Data were extracted by two trained physicians (F.P.O. and T.K.K.) using a standardised, pre-piloted electronic data collection form. The estimated glomerular filtration rate (eGFR) was calculated using the Chronic Kidney Disease Epidemiology Collaboration (CKD-EPI) equation. The collected variables included: (1) Demographic characteristics: age and sex; (2) Clinical characteristics: primary cause of ESRD and comorbid conditions; (3) Baseline laboratory values: hemoglobin and eGFR; and (4) Treatment parameters: vascular access type and number of hemodialysis sessions completed. Key variables required for inclusion were age, sex, confirmed ESRD diagnosis, vascular access type, and vital status at one year. Patients missing more than 50% of these defined key variables were excluded.
Statistical Analysis
All statistical analyses were performed using R software version 4.3.1. Continuous and categorical variables are presented as medians with interquartile ranges (IQRs) and counts with percentages, respectively. Between-group comparisons used Mann-Whitney U tests for continuous variables and Fisher’s exact tests for categorical variables. Survival analysis was conducted using Kaplan-Meier curves with log-rank tests. Univariate and multivariate Cox proportional hazards regression models were used to identify factors associated with one-year mortality. Variables with p<0.10 in univariate analysis were included in the multivariate model. However, due to the limited number of mortality events (n=27), the multivariate model may be overfit, and the results should be interpreted as exploratory. The model was checked for multicollinearity using the variance inflation factor (VIF), and all VIFs were below 2.0. A two-sided p-value <0.05 was considered statistically significant.
Ethical Considerations
The study protocol was approved by Murang’a County Referral Hospital Ethics Committee. Informed consent was waived for this retrospective analysis of de-identified data. Patient confidentiality was maintained through data anonymization, and the study was conducted in accordance with the Declaration of Helsinki and followed STROBE (Strengthening the Reporting of Observational Studies in Epidemiology) guidelines for reporting.
Results
Baseline Characteristics
The final cohort of 79 patients had a median age of 62.0 years (IQR 48.0-74.0) with male predominance (52/79, 65.8%). Hypertension was the leading cause of ESRD (38/79, 48.1%), followed by diabetes mellitus (25/79, 31.6%) and chronic glomerulonephritis (16/79, 20.3%). These were the three exclusive, pre-defined etiological categories for the analysis. Comorbidity analysis revealed a high prevalence of hypertension (68/79, 86.1%), diabetes mellitus (32/79, 40.5%), and HIV (14/79, 17.7%). Other less common conditions were documented but excluded from subsequent multivariate analysis due to low prevalence.

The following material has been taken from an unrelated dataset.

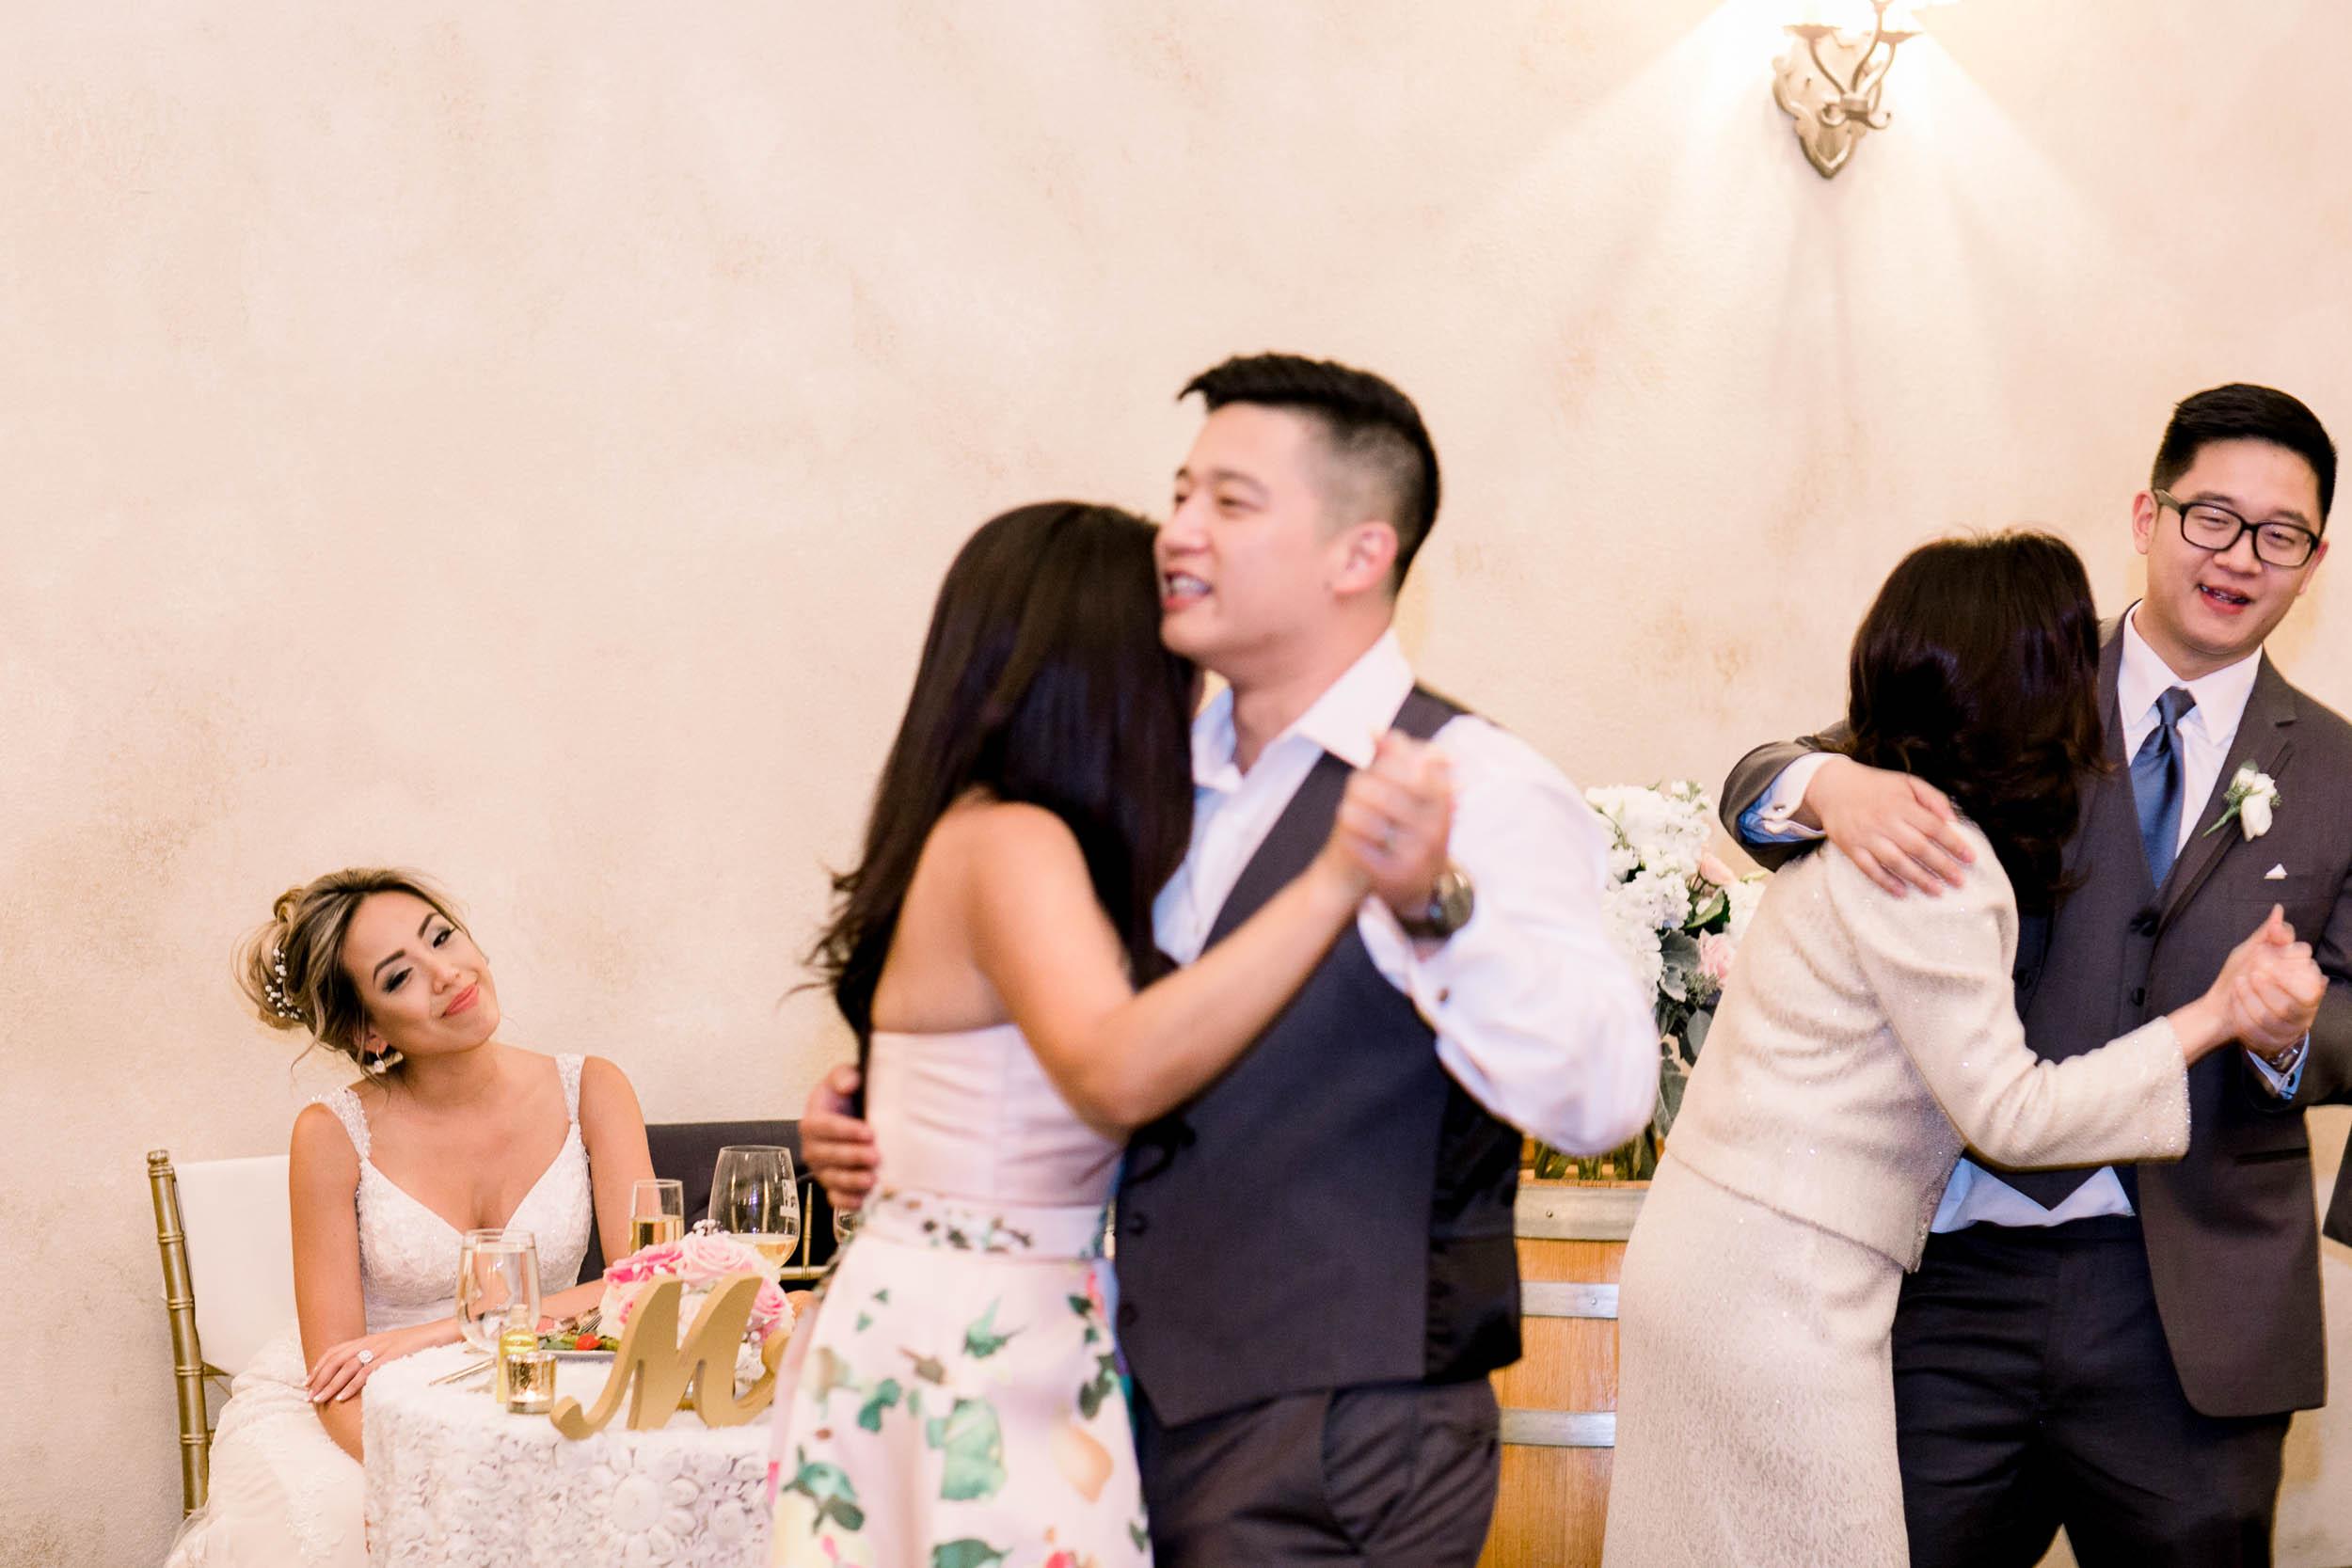 Las Positas Wedding_Buena Lane Photography_090118ER862.jpg

Most patients (71/79, 89.9%) relied on central venous catheters (CVCs) for vascular access, while only 8 (10.1%) had arteriovenous fistulas (AVFs). The median baseline haemoglobin was 8.2 g/dL (IQR 7.1-9.3), indicating significant anaemia, and the median eGFR at dialysis initiation was 7.8 mL/min/1.73m² (IQR 5.4-10.2), suggesting late presentation.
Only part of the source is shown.